2014 is a celebration year for one of the protagonist institutions of the history of Materials research in Brazil. The São Carlos Institute of Physics (IFSC), from University of São Paulo (USP), celebrates its 20th anniversary.
However, the origins of IFSC and its contributions to Brazilian Materials Science and Engineering date back to 60 years ago. “From its origins, IFSC had a central role in the development of Materials Science and Engineering, since Materials research was present with the pioneers of IFSC,” says Professor Antonio Carlos Hernandes, IFSC dean from 2010 to 2014 and researcher in the field of Materials.
The beginning of the history can be set in 1953, when USP, which had been founded in 1934, opened a teaching and research facility in the then small city of São Carlos, in the heart of the state of São Paulo. It was the School of Engineering of São Carlos (EESC), which exists to the present. At the time, the dean of the school, Theodoreto Souto, mandated to form a team of lecturers and researchers, recruited professors to São Carlos, mainly in São Paulo (USP), in Rio de Janeiro and abroad, but failed for them to settle in town for long.

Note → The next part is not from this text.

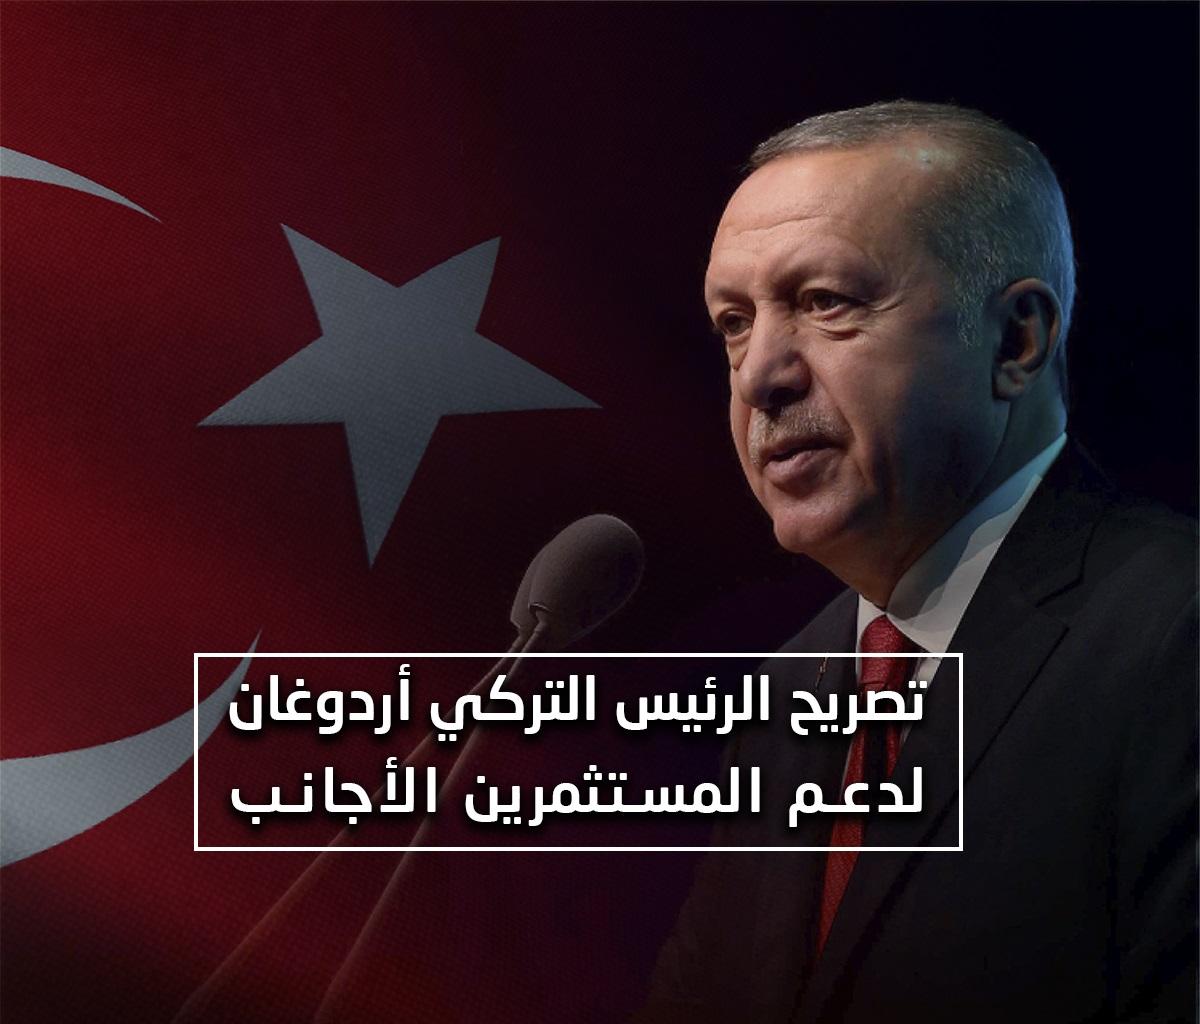 تصريح الرئيس التركي حول دعم المستثمرين الأجانب وحثهم على الاستثمار في تركيا...

From Rio de Janeiro, the first to integrate the EESC professors’ team was physicist Armando Dias Tavares, assistant of Joaquim da Costa Ribeiro in the Physics laboratories of the National School of Philosophy of the University of Rio de Janeiro (now Federal University of Rio de Janeiro, UFRJ). Then, collaborators and students of Dias Tavares, who had learned to do science in the “school” of Costa Ribeiro and Bernhard Gross (main pioneers of Materials research in Brazil) left the “marvelous city” to the inland of São Paulo, invited by Souto. Among them, the newly graduated in Physics and Chemistry and honeymooners Sergio Mascarenhas Oliveira and Yvonne Primerano Mascarenhas – a couple who leaved an important legacy in the history of Materials Science and Engineering in the region and in the country – arrived in São Carlos in 1956.
At a time when most of the human and material resources for research in Physics, in the world and in Brazil, were intended for Nuclear and High Energy Physics, the Mascarenhas couple chose to start studies in Condensed Matter Physics, field they had worked with Costa Ribeiro in Rio de Janeiro. Documents prepared by IFSC state that Sergio and Yvonne saw two possibilities in that area for the group of São Carlos: to internationally stand out in a field where there was less competition, and to generate applications that had a positive impact on the region’s economy and quality of life of its population.
Thus, in the 1960s, Sergio Mascarenhas created the Condensed Matter Physics Group. “Thanks to a very strong exchange between USP in Sao Carlos, and the universities of Princeton and Carnegie Mellon in the United States, and also groups from England and Germany, mainly in Stuttgart, we managed to establish a very intense research training program, which continues to this day”, Mascarenhas commented in an interview granted in 2013 to the SBPMat Newsletter. Among the works with the greatest impact conducted at the time by the São Carlos group, it is possible to mention research related to defects in crystals, such as ionic crystals with a color core, which were later used for optical memories.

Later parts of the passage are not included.